──────── Supplied records ────────

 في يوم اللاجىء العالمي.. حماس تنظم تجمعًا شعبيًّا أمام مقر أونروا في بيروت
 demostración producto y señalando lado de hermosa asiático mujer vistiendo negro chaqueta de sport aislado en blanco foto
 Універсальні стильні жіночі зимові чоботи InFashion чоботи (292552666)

────────
──────── Supplied records ────────

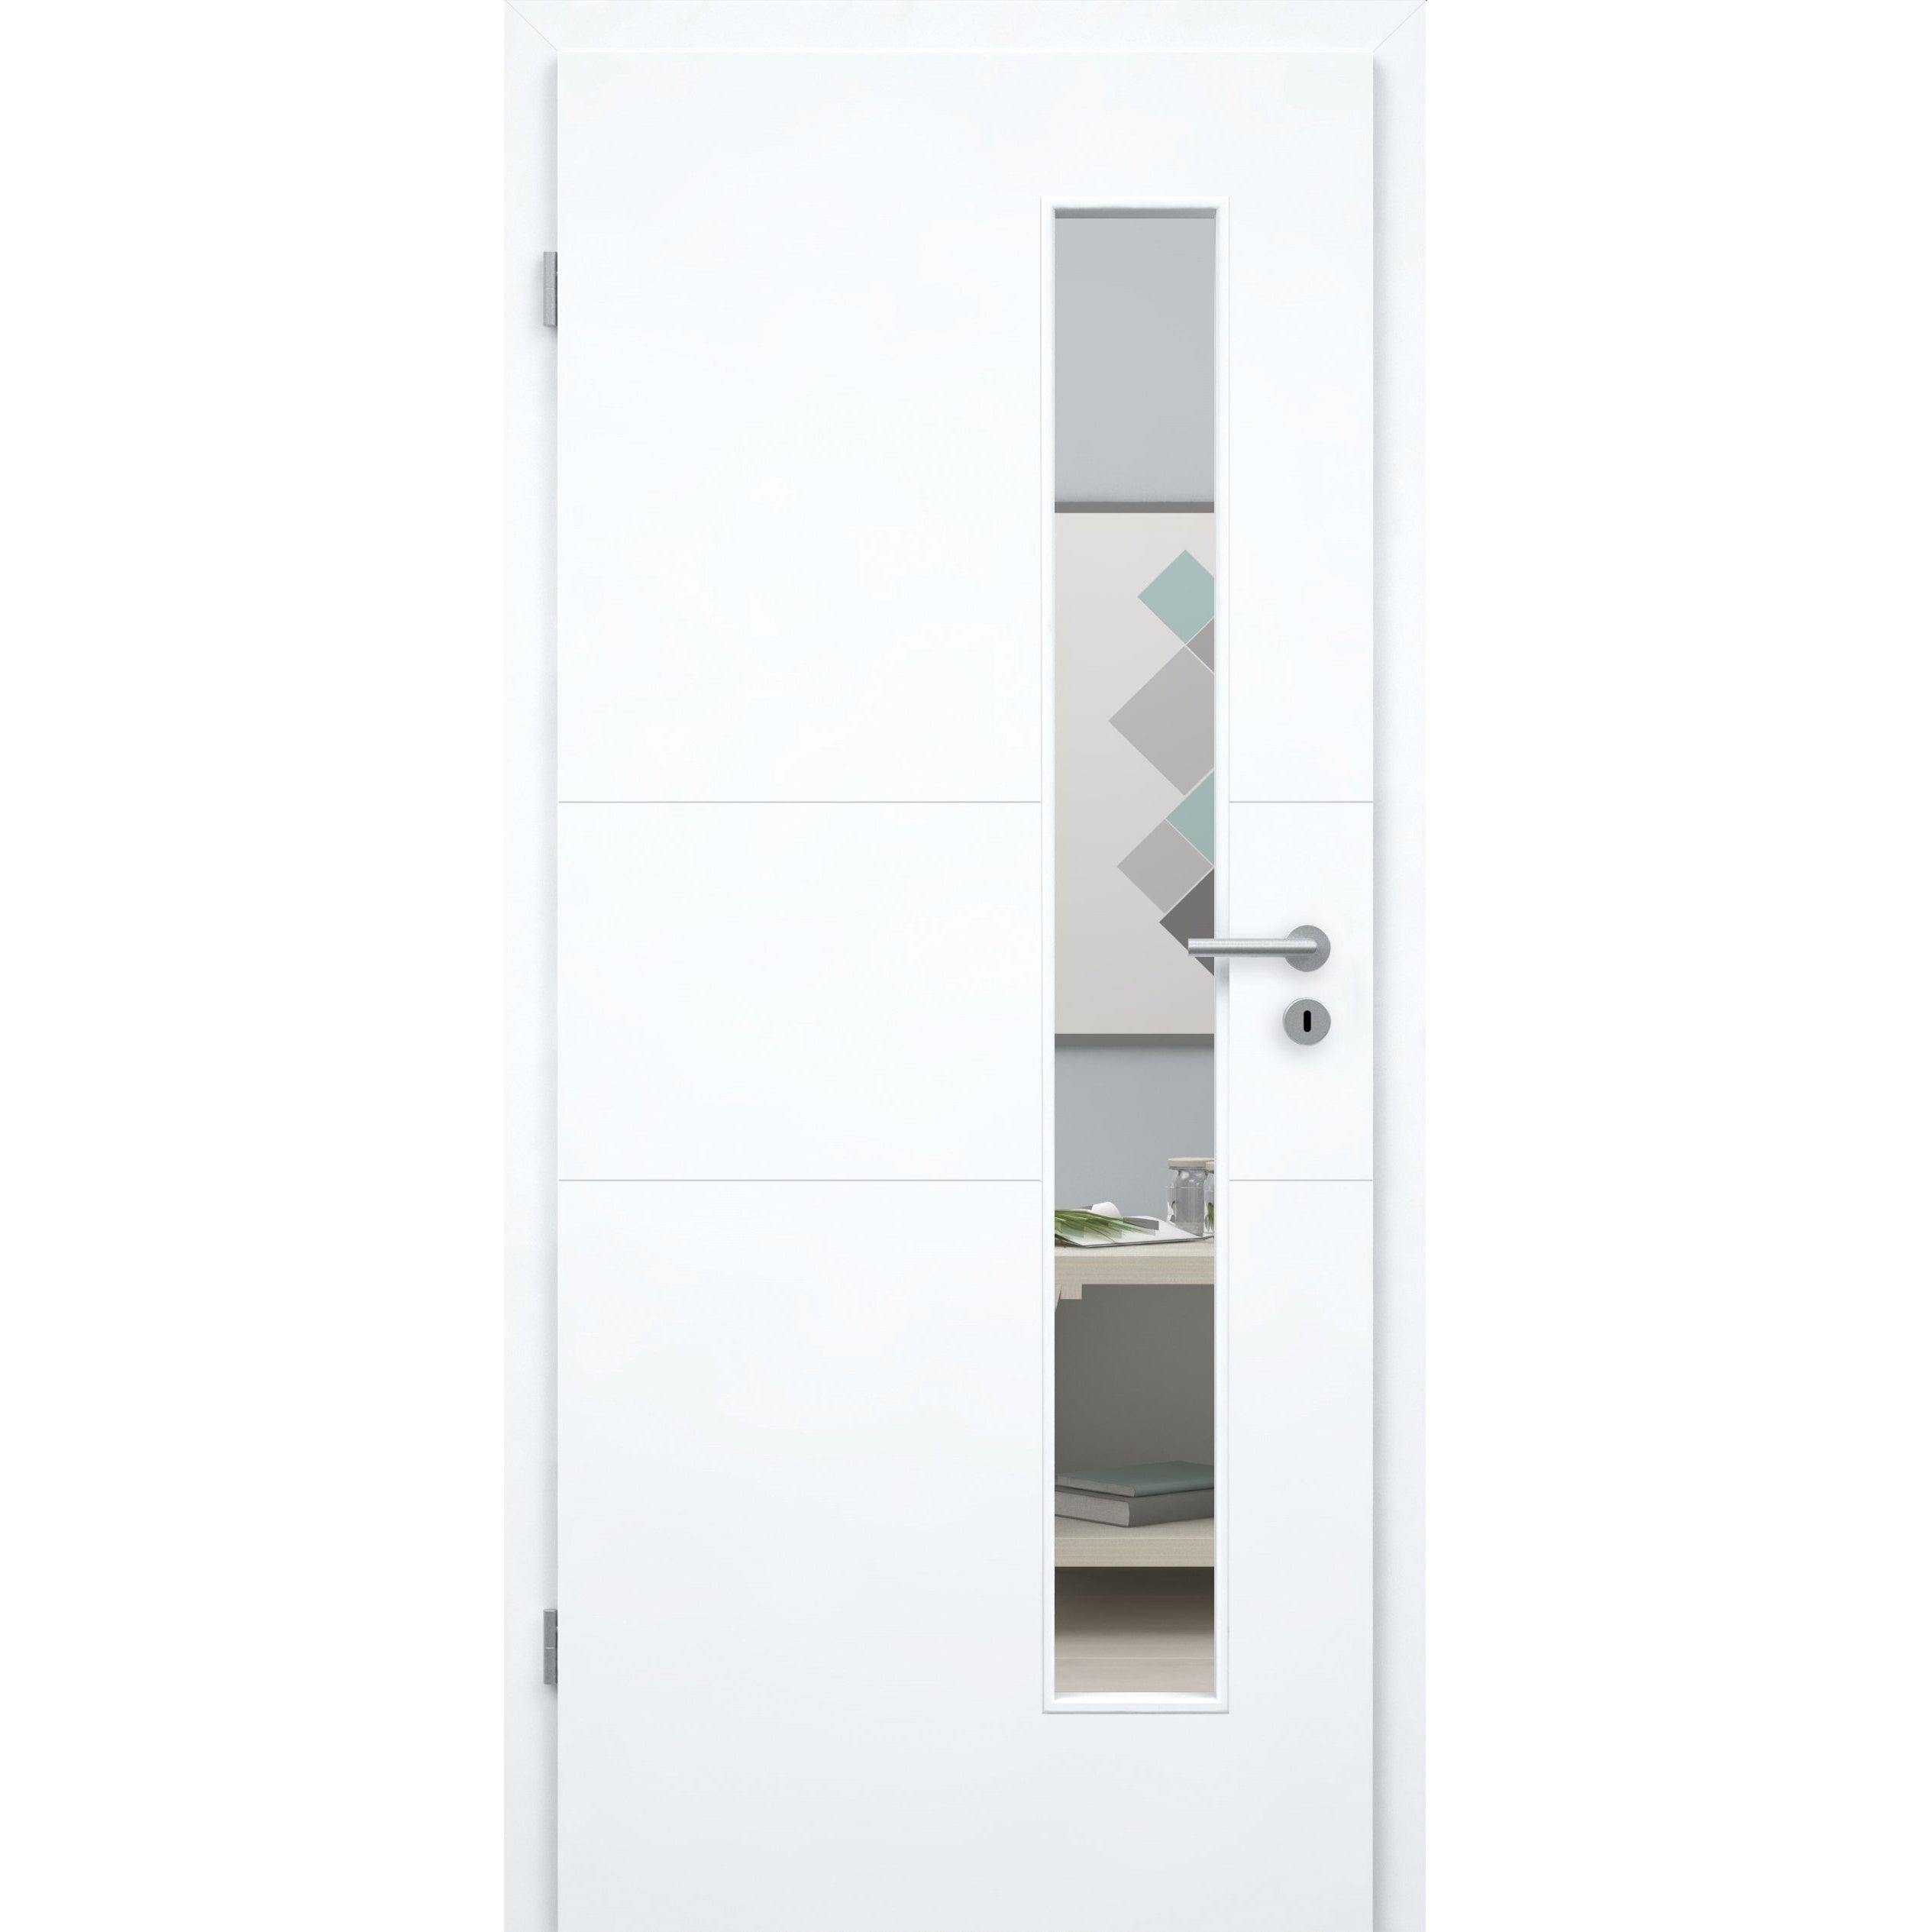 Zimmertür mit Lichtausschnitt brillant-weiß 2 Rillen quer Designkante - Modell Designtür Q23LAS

────────
──────── Supplied records ────────

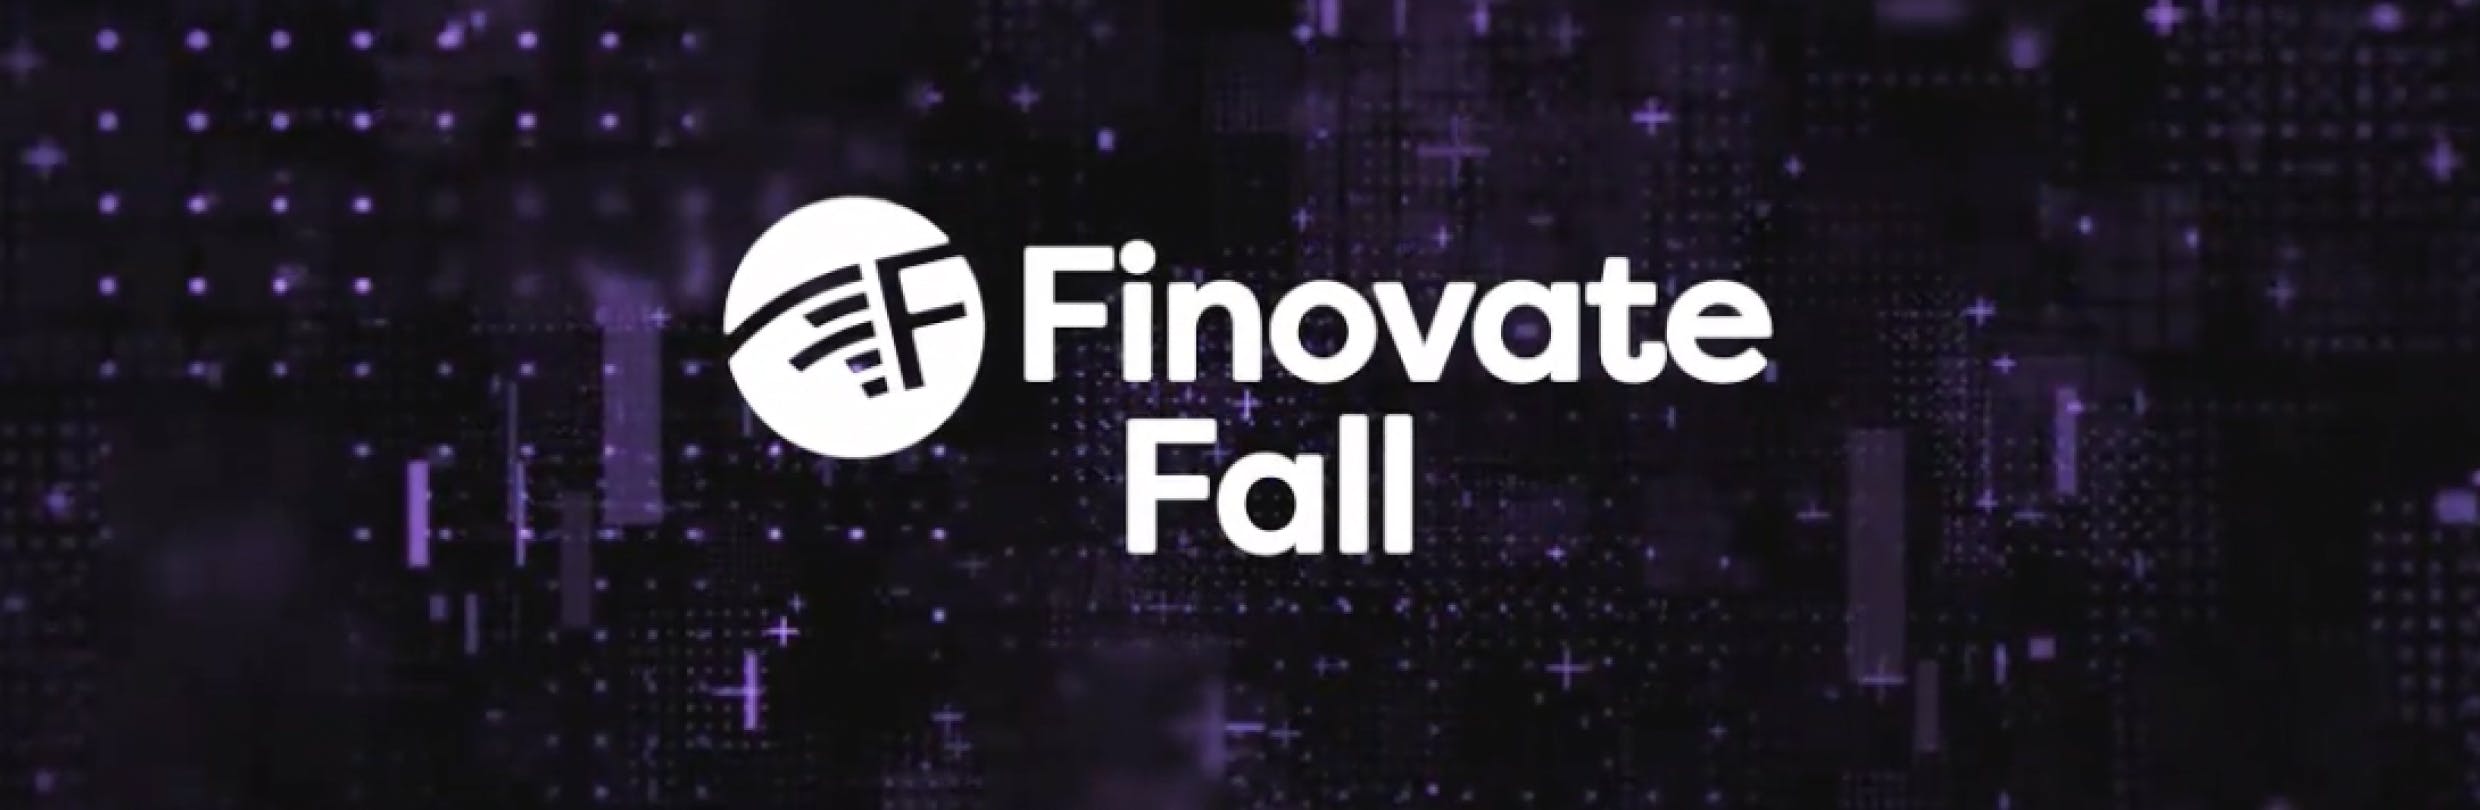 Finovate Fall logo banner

────────

_Requirement_
When you reach the line holding "في يوم اللاجىء" in the records above, begin reproducing exactly, stop after the line holding "Універсальні стильні жіночі", and output nothing else.

_Answer area_
 في يوم اللاجىء العالمي.. حماس تنظم تجمعًا شعبيًّا أمام مقر أونروا في بيروت
 demostración producto y señalando lado de hermosa asiático mujer vistiendo negro chaqueta de sport aislado en blanco foto
 Універсальні стильні жіночі зимові чоботи InFashion чоботи (292552666)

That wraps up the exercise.